(TASK BRIEF): What is needed here is an exact printout of the data, with no pictures included.

(SOURCE DATA):
-*-
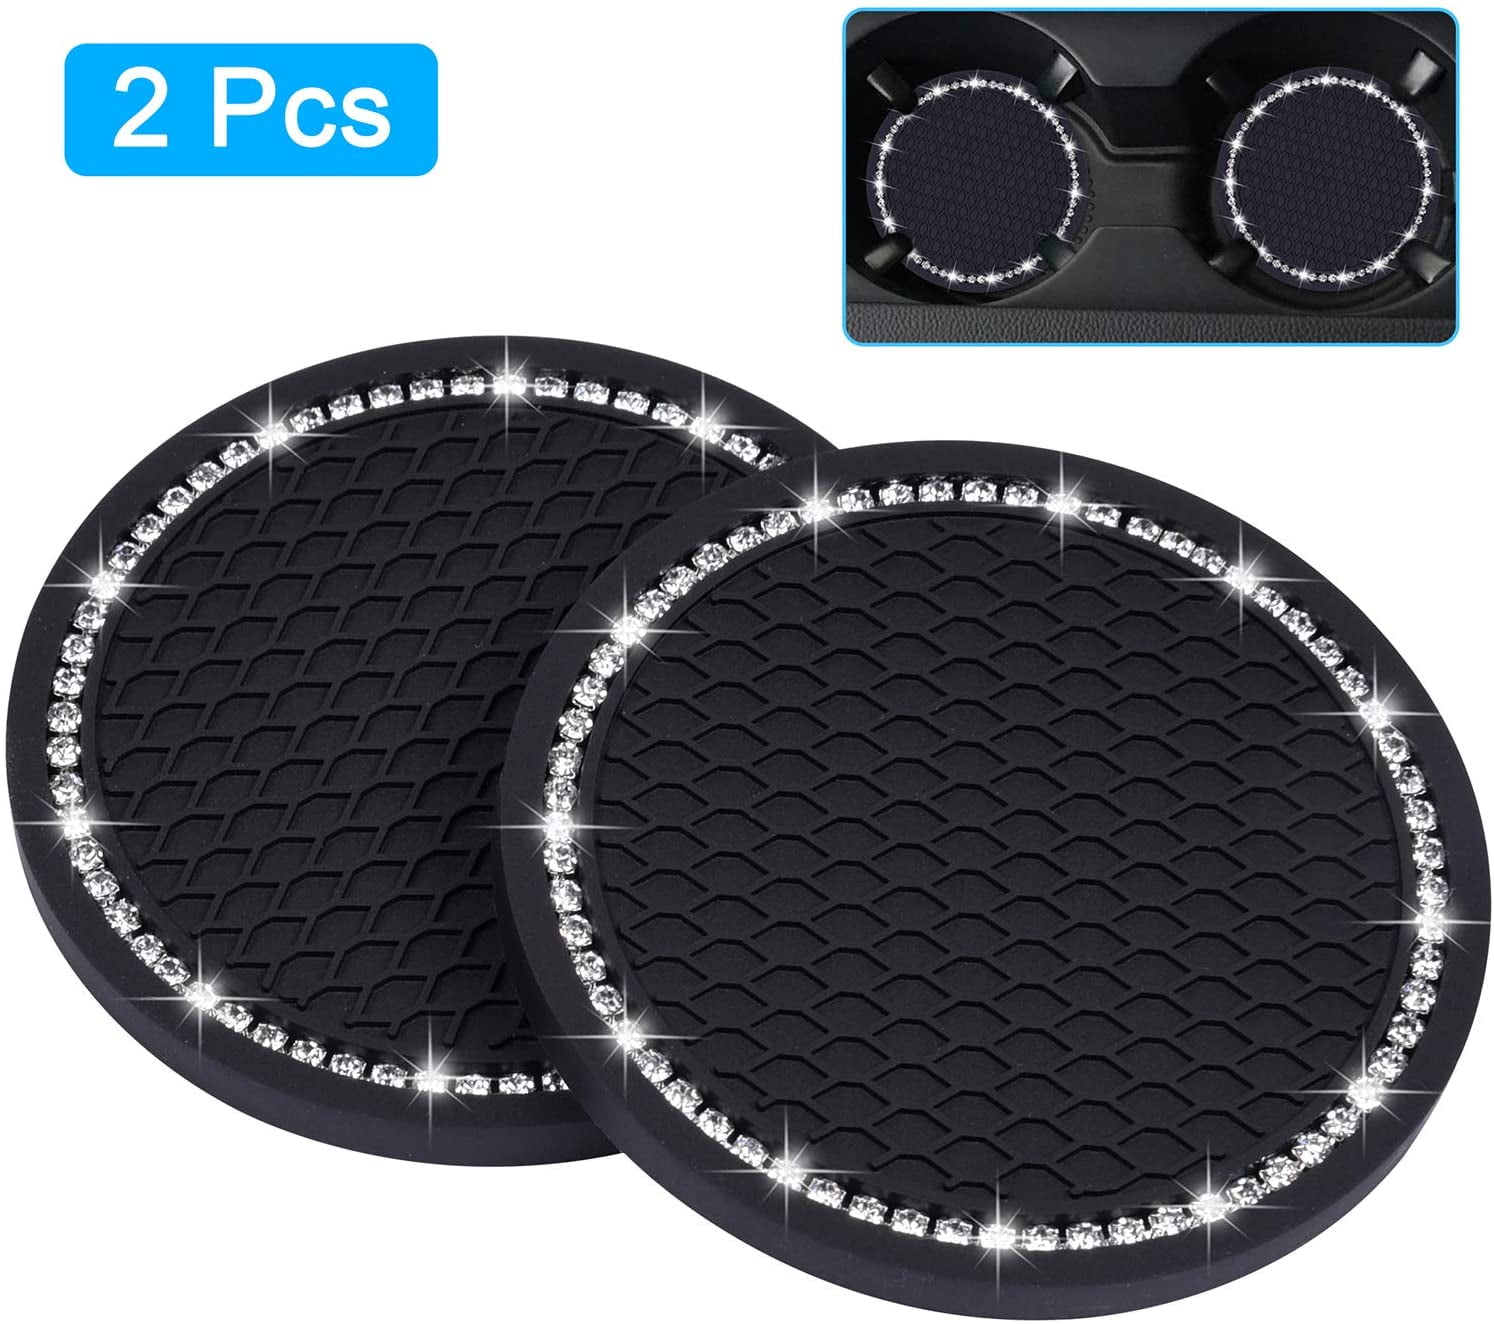 Black Car Coasters Anti Slip Car Cup Holder 2.75 inch Universal Bling Coasters for Cup Holders Cute Car Accessories for Women and Girl 2 PCS 
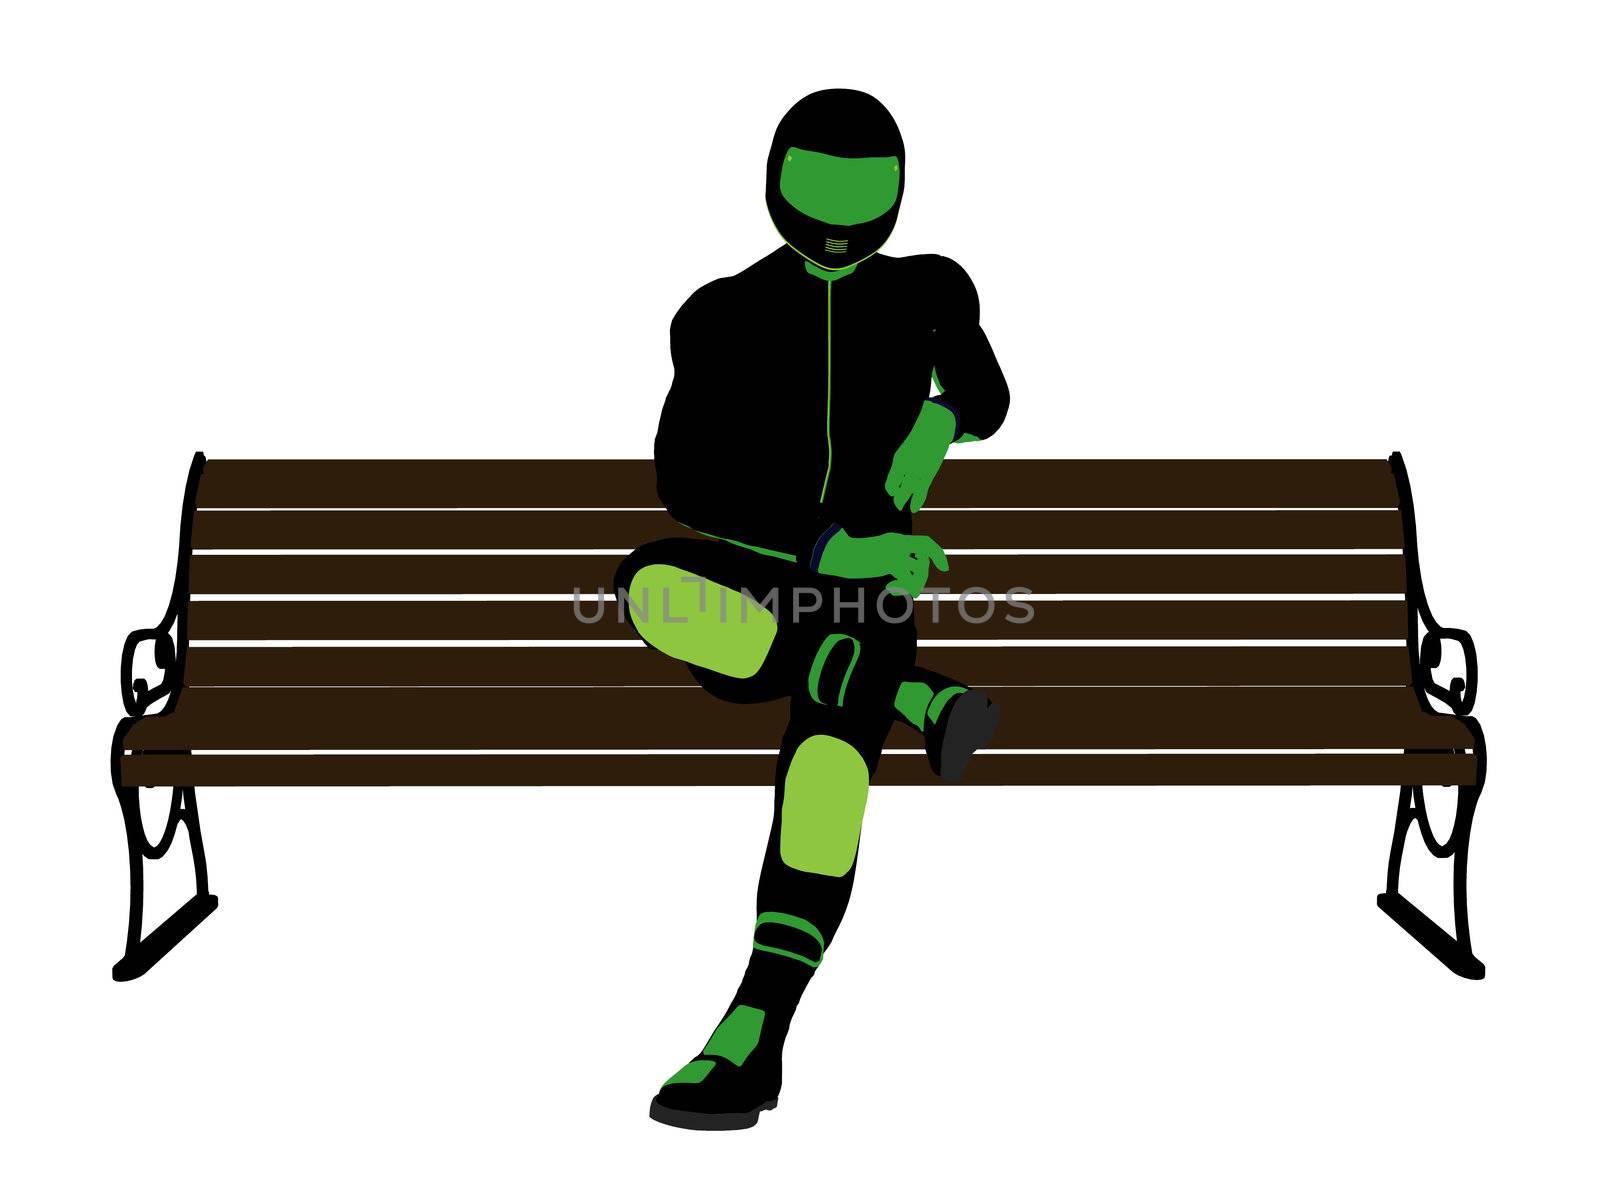 Male Motorcycle Rider sitting on a bench Silhouette by kathygold
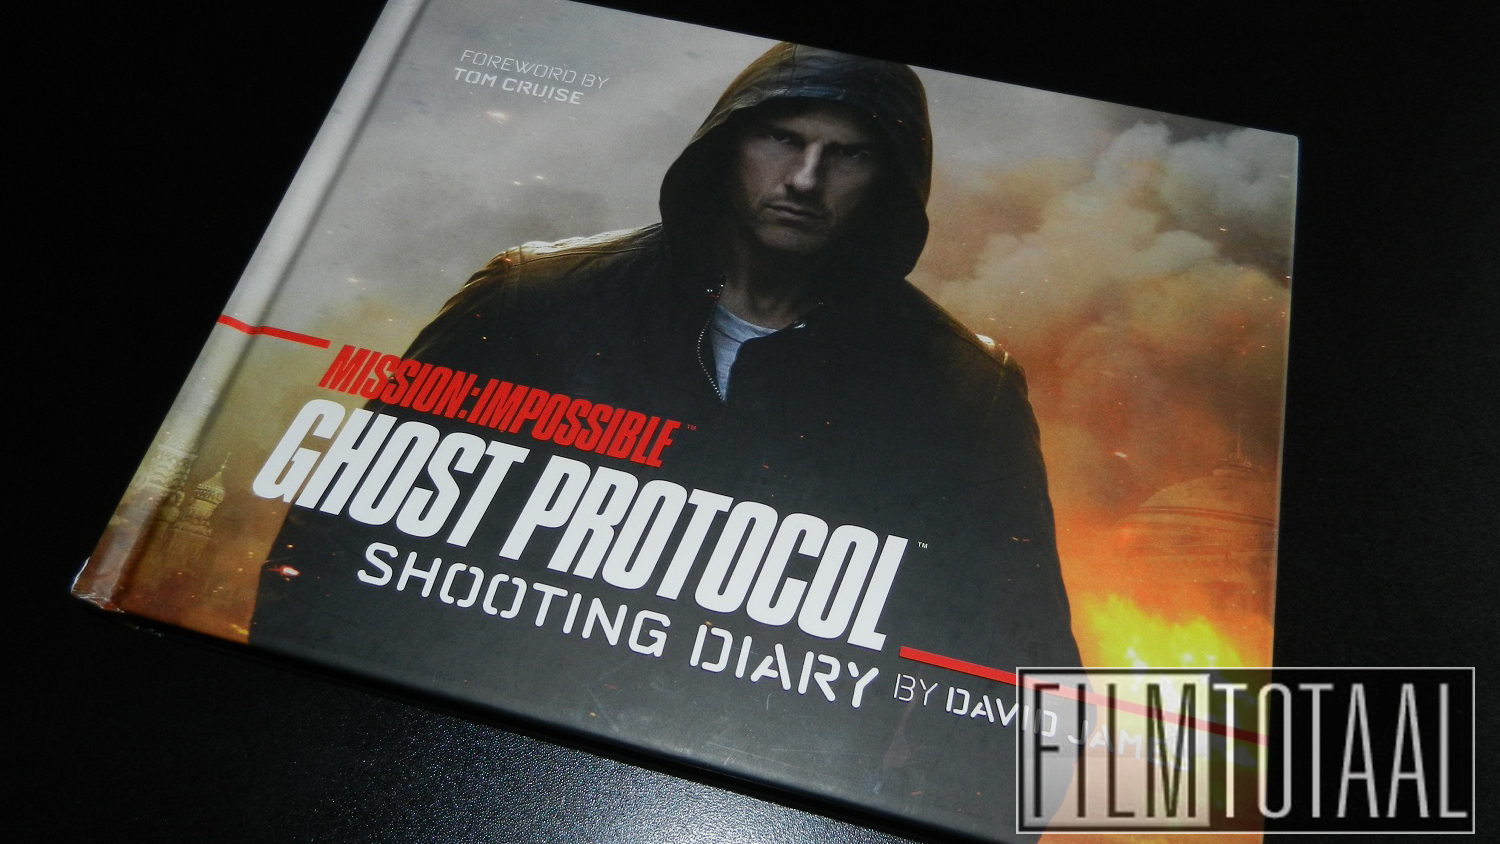 Fraai boek - Mission: Impossible: Ghost Protocol - Shooting Diary
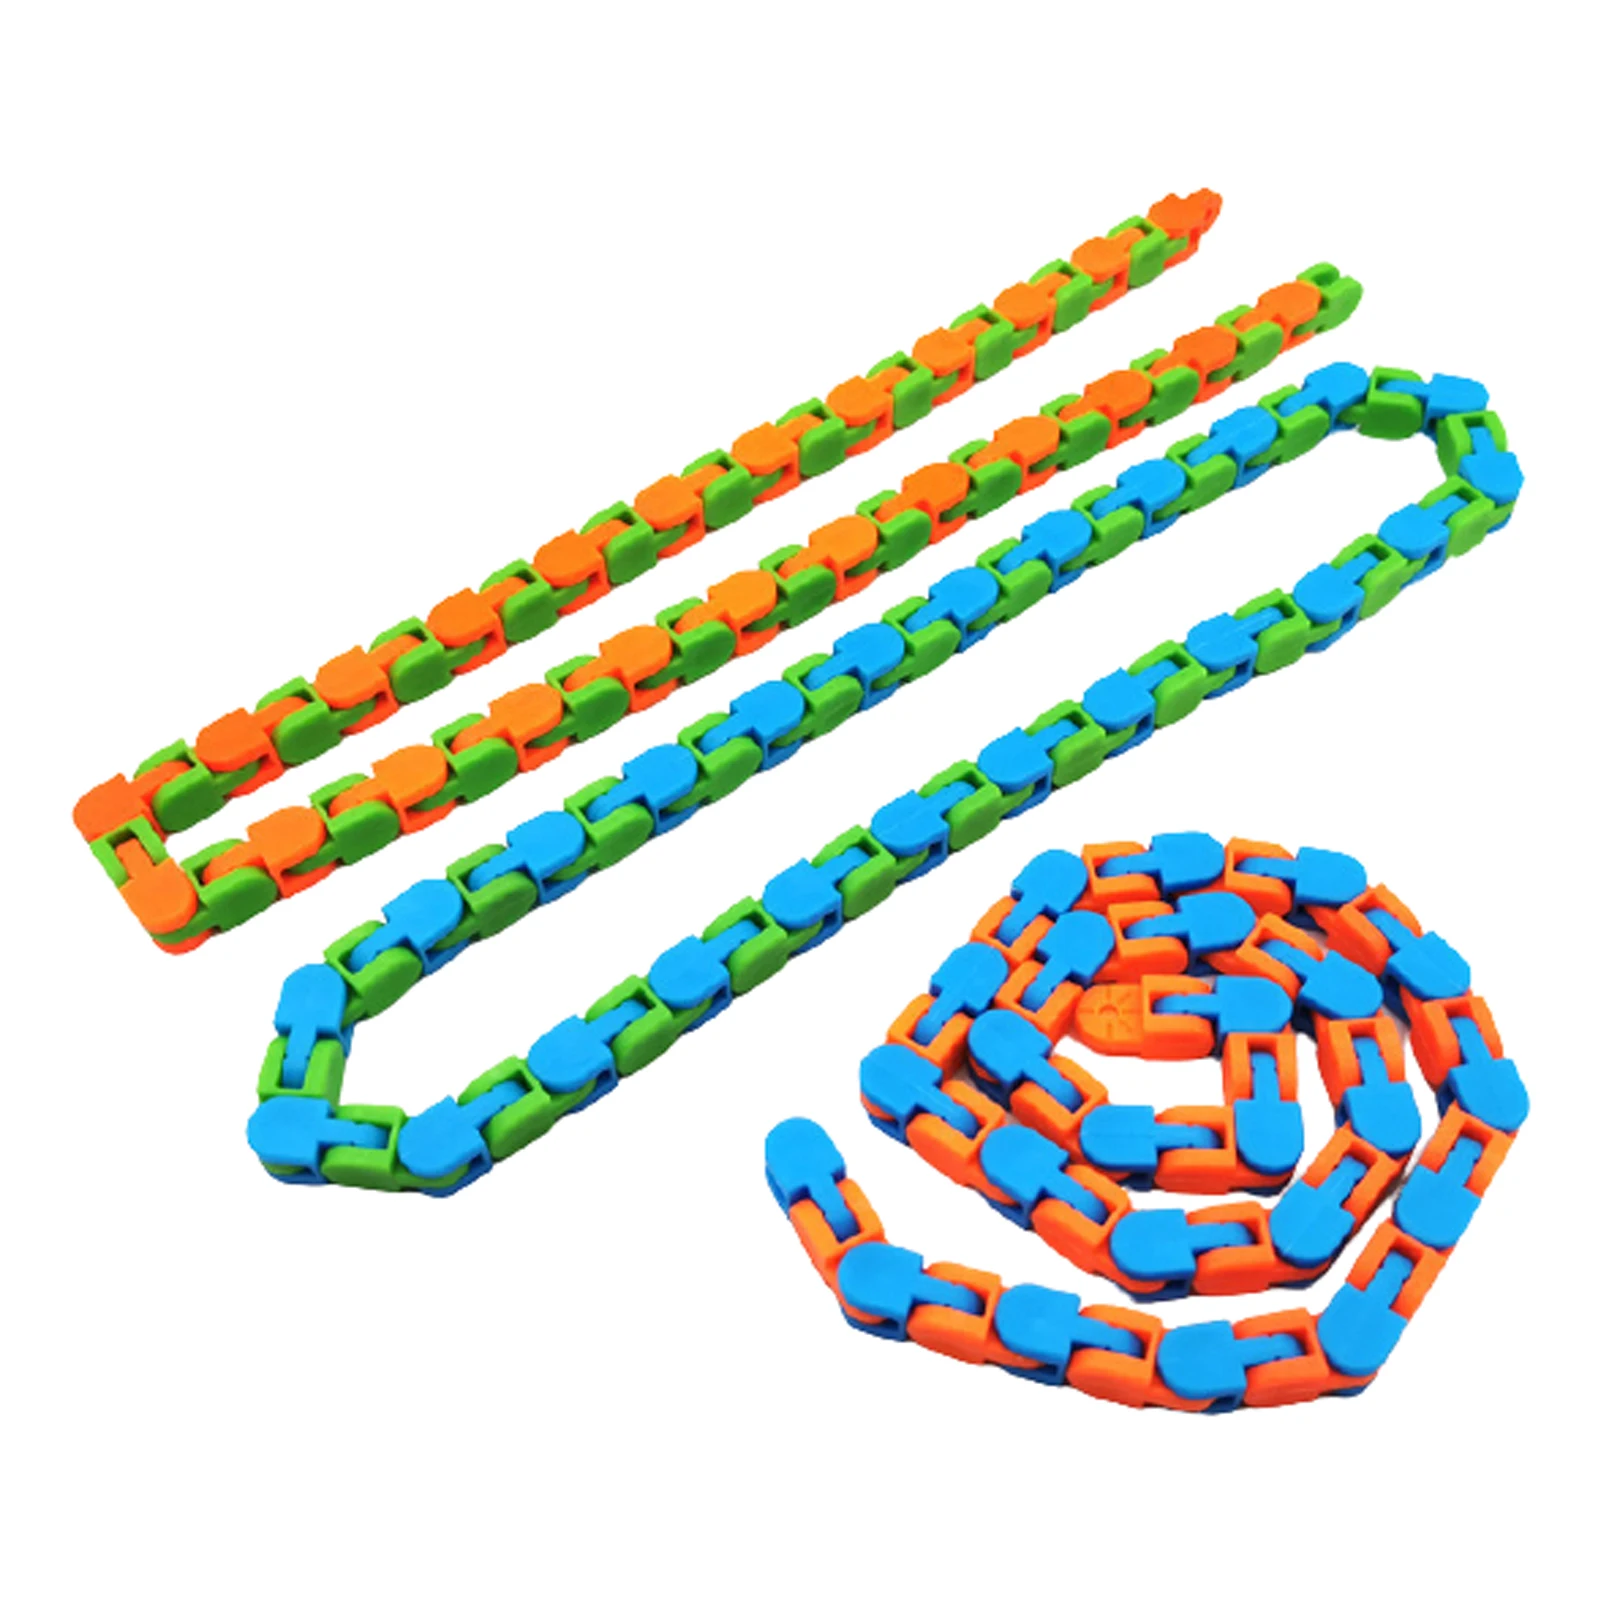 

3pcs/pack Toy Chain Anxiety Finger Sensory Stress Relief Kids Adults Click Party Tracks ADHD Fidget Snake Wacky
-*-
(EXERCISE RESPONSE):
 Black Car Coasters Anti Slip Car Cup Holder 2.75 inch Universal Bling Coasters for Cup Holders Cute Car Accessories for Women and Girl 2 PCS 
 Male Motorcycle Rider sitting on a bench Silhouette by kathygold
 Fraai boek - Mission: Impossible: Ghost Protocol - Shooting Diary

3pcs/pack Toy Chain Anxiety Finger Sensory Stress Relief Kids Adults Click Party Tracks ADHD Fidget Snake Wacky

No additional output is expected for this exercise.